In the last few years, substantial efforts have been invested by governments, international organizations and other institutes to improve our understanding of the dynamics of the labor market. These efforts have resulted in a series of applications, tools and sources that cover labor demands, supply or matching and that shed more light on skill gaps and mismatches. ESCO (European skills, competences, qualifications and occupations tool developed by the EC), Cedefop’s skills panorama and EURES (EU’s job portal) as well as European Qualifications Framework (EQF) are few examples of such efforts.

Traditionally, to get more insight into labor demands or supply, researchers and policymakers have relied on interviews, trade publications, surveys, and vacancies. While these traditional data sources have some clear advantages, they are also characterized by limitations that can be addressed by using web-based data instead. Web is a gold mine for job knowledge discovery. Linked open data, job announcements, social media, job search engines, forums, wikis, data streams and interlinked information are few examples of such valuable job-related sources on the net.
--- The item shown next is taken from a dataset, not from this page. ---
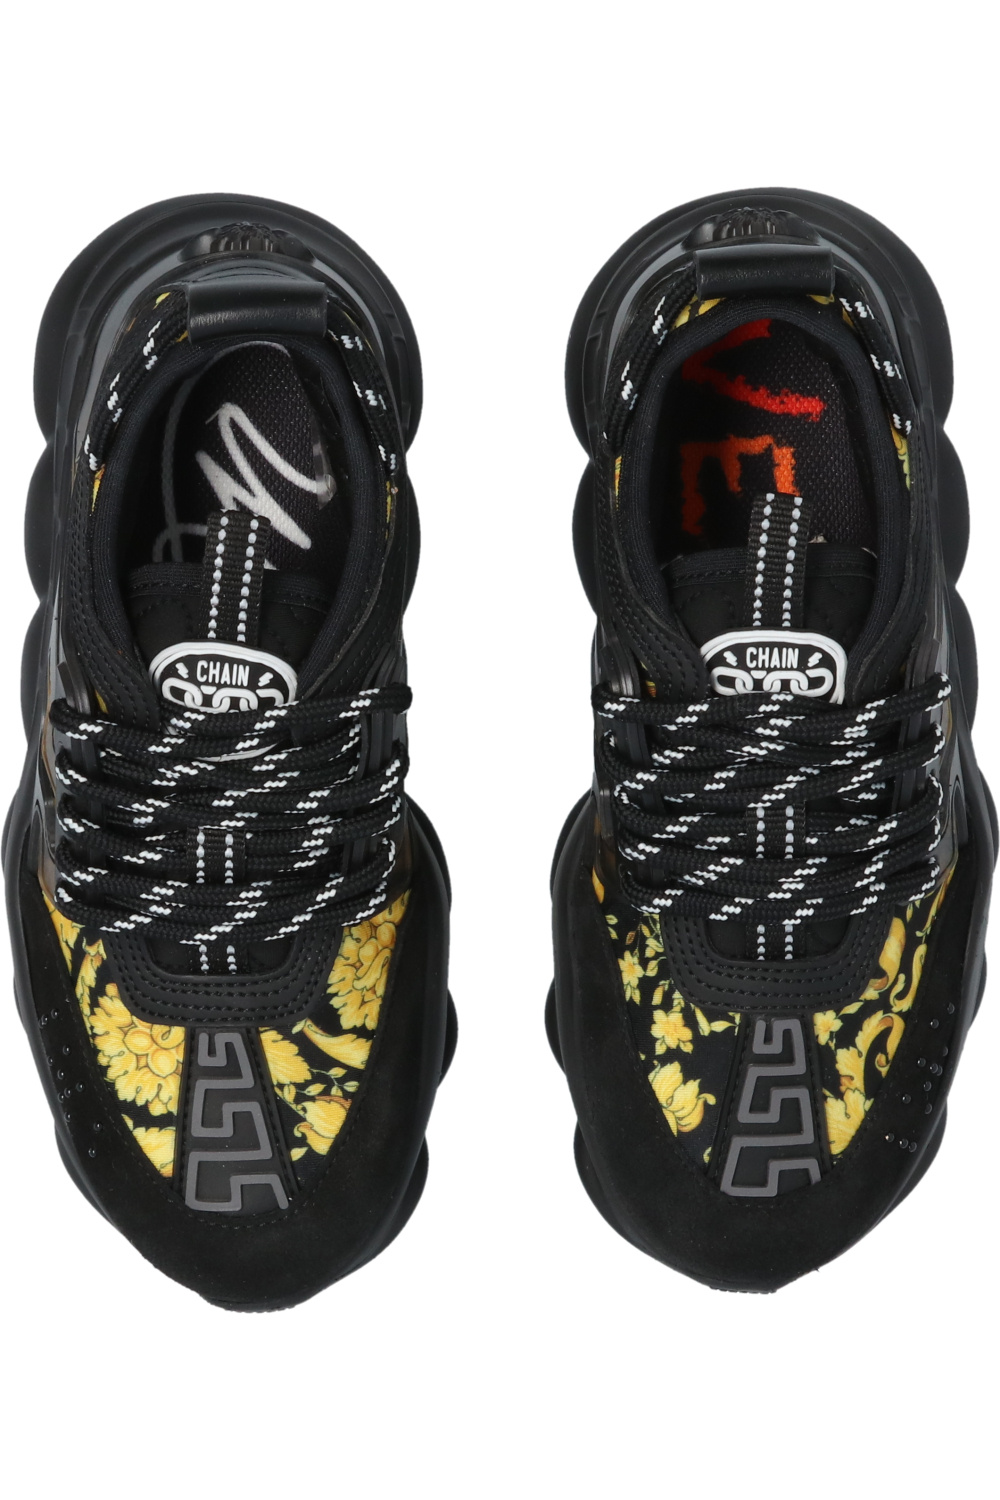 White 'Chain Reaction' sneakers with logo Versace - Vitkac France

The main problem in this regard is not in the availability of data and how to retrieve them, but in how to clean, explore, visualize and interpret such a huge volume of various web data. With an aim to streamline this process and make such data suitable for further exploitation (e.g. consument by specialised mobile apps) an open Job Knowledge Base (JKB) is proposed within the scope of the DISKOW project, that can be used by employers, employees, job seekers, labour market experts and policymakers. Such a JKB contains different types of information such as responsibilities and roles, required competencies (described using existing standards, such as ECF, EQF, etc.), that could be used to develop trainings and identify priorities, wage information, geographical and demographic trends, cultural issues, demands of the job markets in different domains, job announcement information and rates, job popularity and other useful statistics. The project DISKOW aims at creating a JKB prototype, based on existing open-source Business Intelligence platform in order to cover the most important factors in this regard such as required job knowledge for a specific job.